Using pipy (recommended)

  • pip3 install plasmiduncover

  • Download indexes folder and uncompress it.

Using github release

  • Second, download the latest release of this script (don't forget to download indexes folder).

  • pip3 install -r requirements.txt

  • Uncompress the indexes.tar.gz file.

Example run

If you installed using git clone

PlasmidUNCover.py -idx <path/to/indexes_folder> -r <path/to/reads_folder> -t 1 -o test -c 0.6

Note that each read or pair of reads should be inside its own folder within the path/to/reads_folder/. This allows the user to run multiple samples at once, since PlasmidUNCoverage.py will crawl this directory to search for directories with samples.

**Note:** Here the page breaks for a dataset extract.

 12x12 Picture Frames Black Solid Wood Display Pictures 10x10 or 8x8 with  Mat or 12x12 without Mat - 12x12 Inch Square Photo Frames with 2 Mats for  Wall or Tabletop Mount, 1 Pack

For advanced users, you may use PlasmidUNCoverage.py -h for additional options.

Dependencies

Note: ignore this if you have read the How to install section.

  • plotly - pip install plotly
  • termcolor
  • bowtie2 (tested for version 2.2.9)
  • samtools (tested for version 1.3.1)

You can now simply: pip3 install -r requirements.txt

Important note regarding the parsing of argument -r

You should provide the path to the directory containing the directories with the reads (.fastq files). For instance if you have something like ~/Reads/sample1/example.fastq and ~/Reads/sample2/example2.fastq, you should provide ~/Reads as the argument for -r option.

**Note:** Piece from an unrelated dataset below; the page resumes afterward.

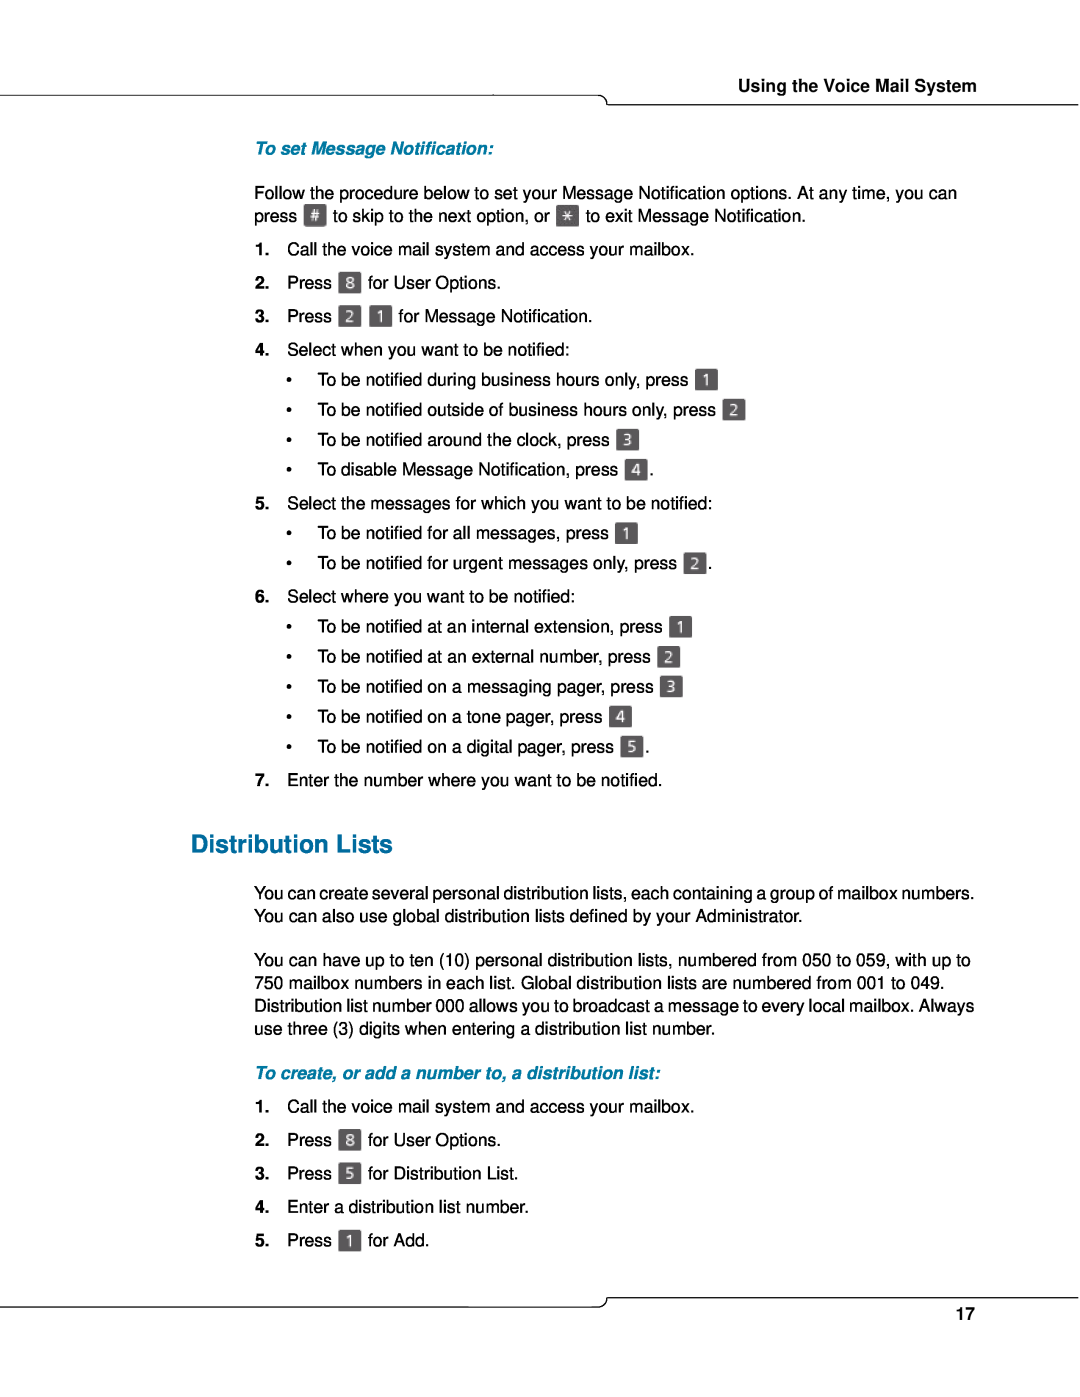 Mitel 3300 manual Distribution Lists, Using the Voice Mail System

Options for PlasmidUNCoverage.py:

-p, --plasmid - Provide the path to the directory containing plasmid fastas.

-idx, --bowtie-index - Provide the path to bowtie index file

-r, --read - Provide the path to the directory containing reads fastas.

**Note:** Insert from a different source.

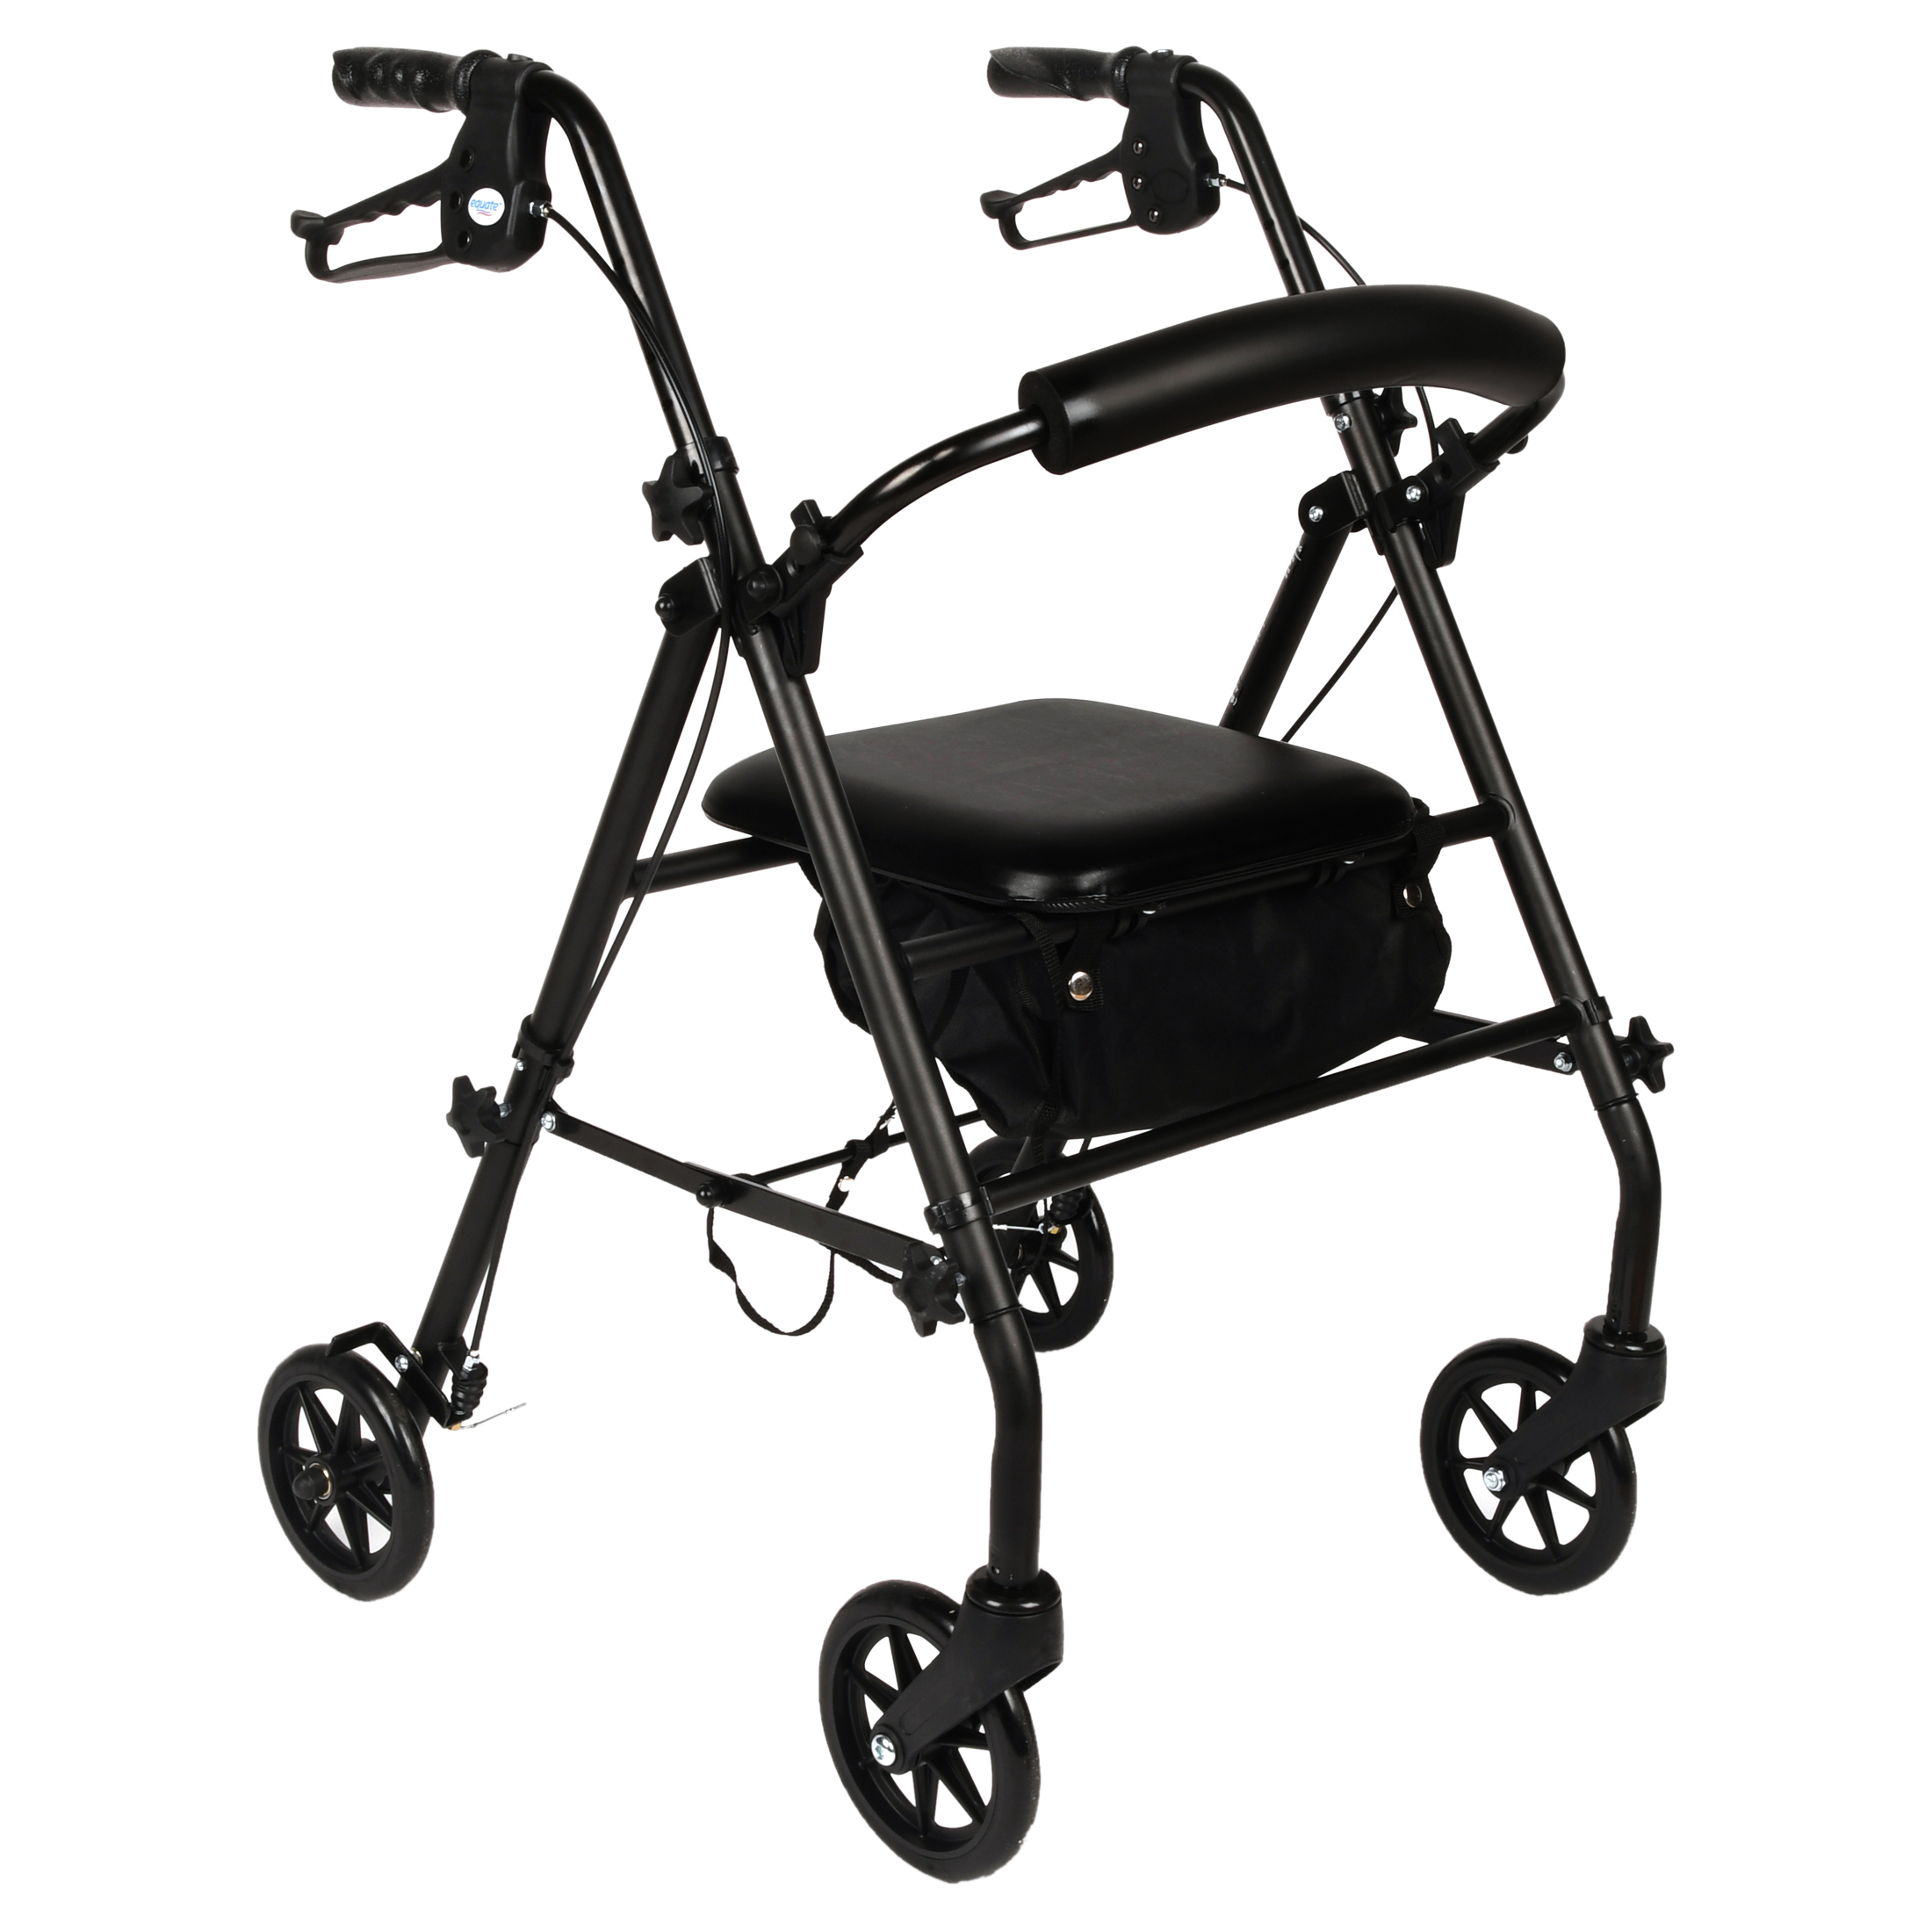 Equate Rolling Walker for Seniors, Rollator with Seat and Wheels, Black, 350 lb Capacity - image 1 of 9

-t, --threads - Specify the number of threads to be used by bowtie2.

-2, --pair - Use this 
option if you have paired end reads. Paired end reads just have to be inside 
the same folder, without any other files inside it. Structure to read files 
should be something like: ./reads/read_folder/<with pairs inside it>.)

-k, --max_align - Specify the maximum number of alignments possible for each 
read. This option changes -k parameter of Bowtie2. By default this script will 
set -k to the number of fasta files in reference directory (e.g. if you have 3 
reference sequences the number of max_align allowed will automatically be set 
to 3). So, if you have a single multi-fasta -k will be set to 1.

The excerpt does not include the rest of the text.